Having established that back testing is a good idea, and hopefully convinced you to do it, there are a few pointers you have to bear in mind.
First, make sure that your back testing includes the spread, perhaps based on a typical value, as this is effectively the cost of making your bets. Any back testing that you do based on single values is bound to give you a rosier picture than what you would have encountered in real life.
Secondly, it’s not enough to plug an account value in at the start and run the test over a number of years coming out with a profit. You may think that you have a great system if there’s a good profit, but what you might not realize is that it takes too many risks for your peace of mind, and has large swings in your account value which in practice you would find hard to bear, and may even be tempted to second-guess the system. It’s vital that you look at the amount of account “draw-down” that you might be faced with, and decide whether the system is right for you.

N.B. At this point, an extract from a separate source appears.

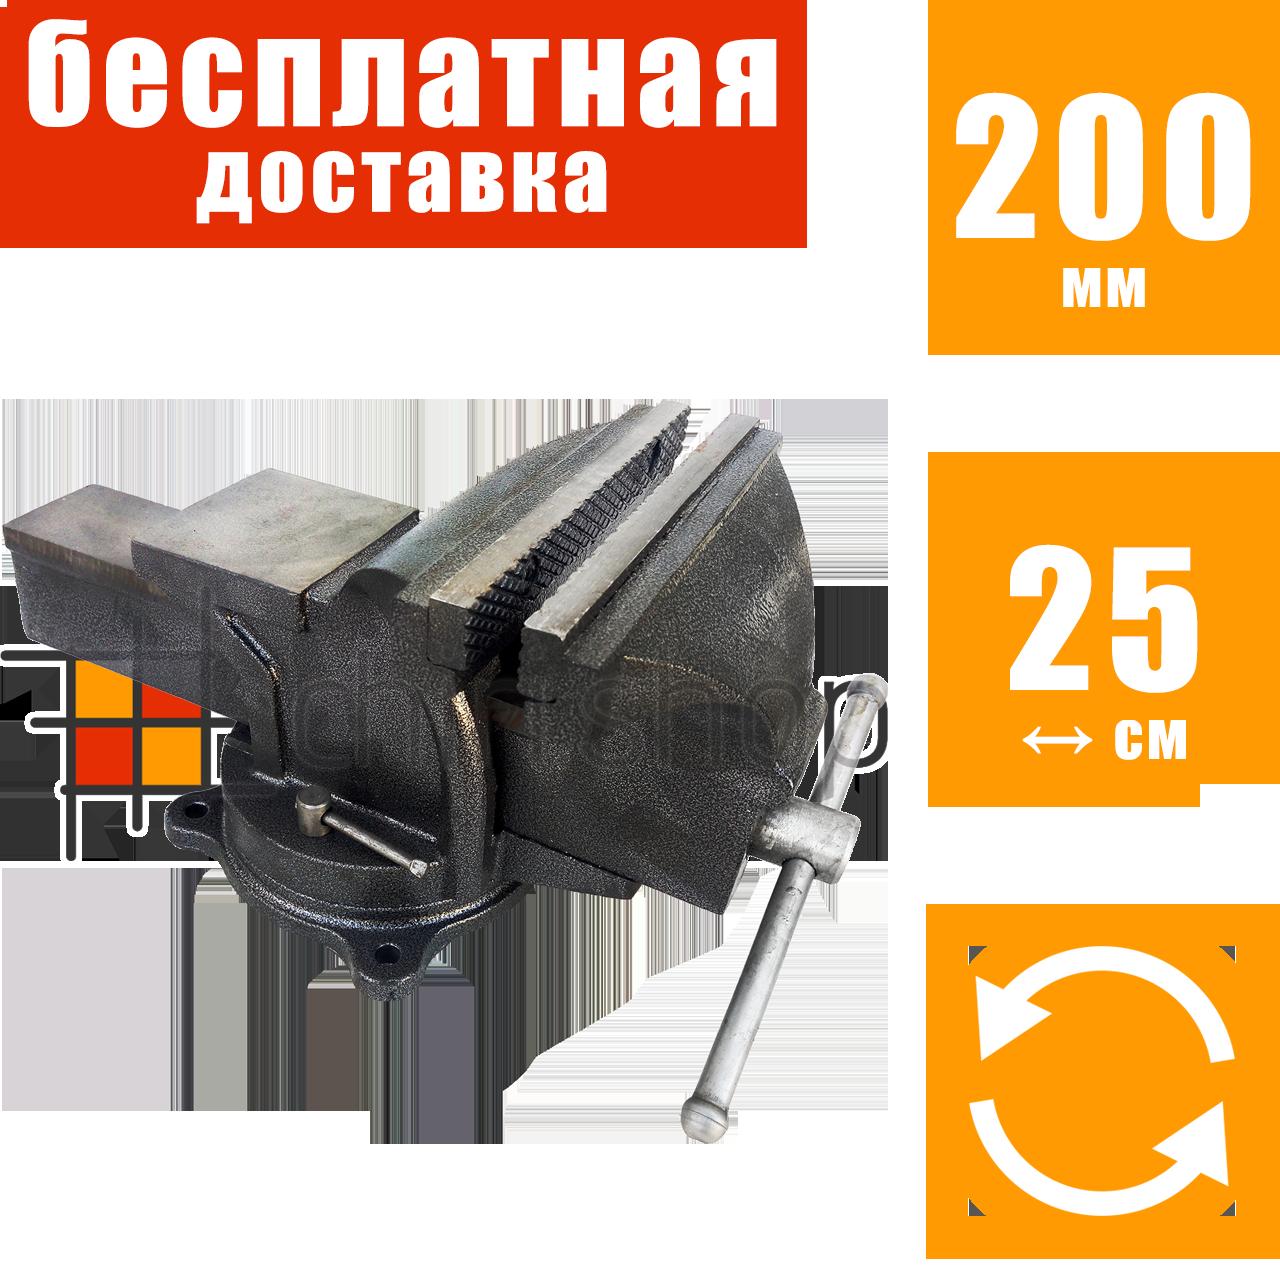 Тиски слесарные поворотные 200 мм / 8″ Mar-Pol, чугунные тисы слесарные с наковальней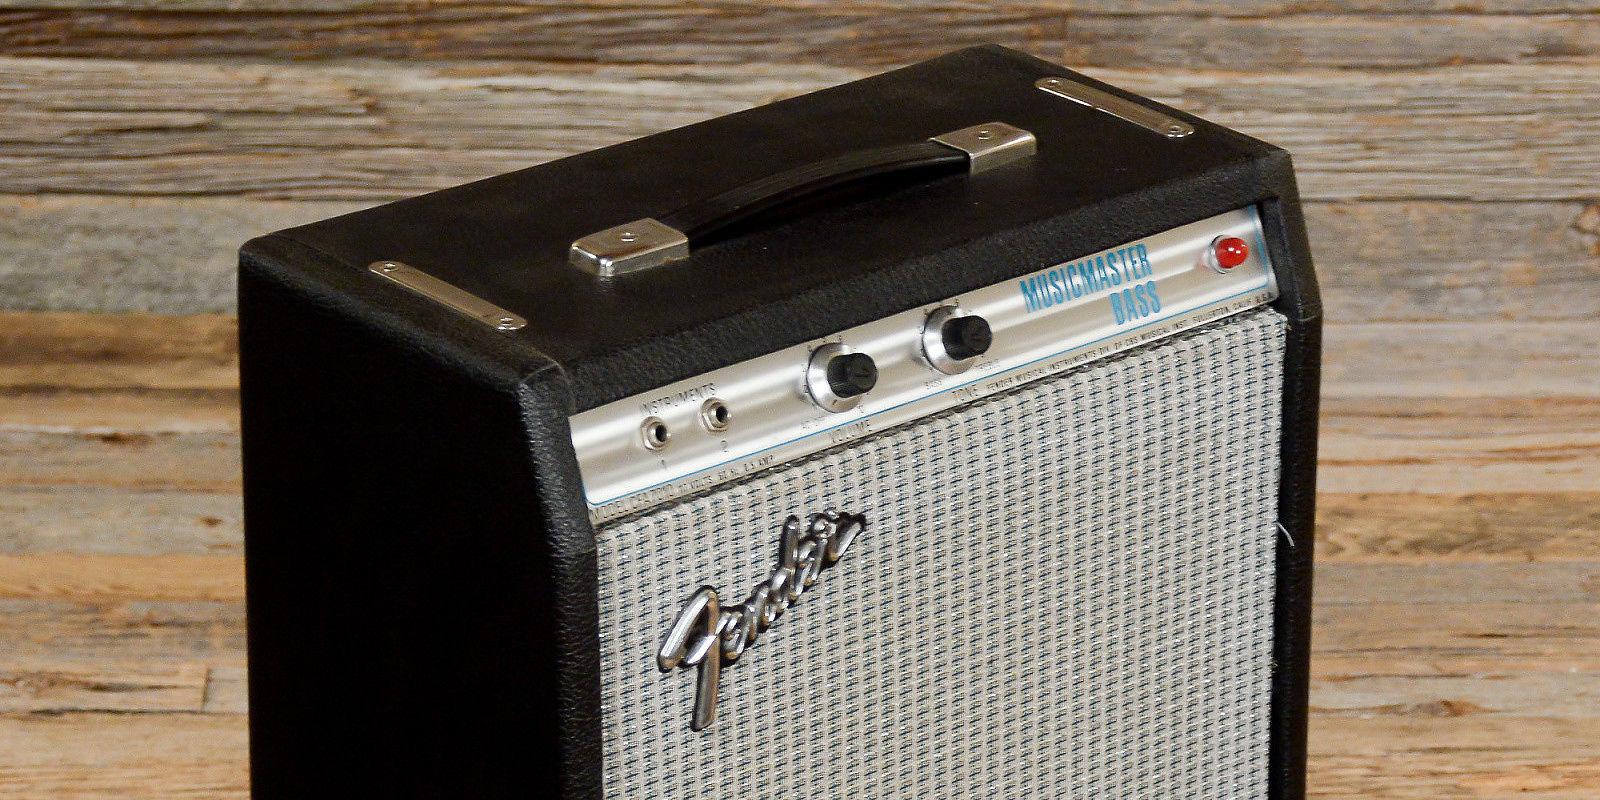 59 fender music master bass amp dating

Finally, don’t be tempted to over-optimise the trading system. You may find that you are experimenting, say, with the number of days in a simple moving average that you use as a signal, and that’s good. But inevitably you can “tune” your strategy too far, so that you get “perfect” results from the historic values you are using, even though they may be less than optimal with the markets going forward, when you are actually using and relying on them. A good way to guard against this is to split your historic data into two parts. If you are testing with ten years of data, use just five years for your system tuning. Once you think you have it set, run the system on the other five years of data which has had nothing to do with the way you played with the numbers, and see how it does.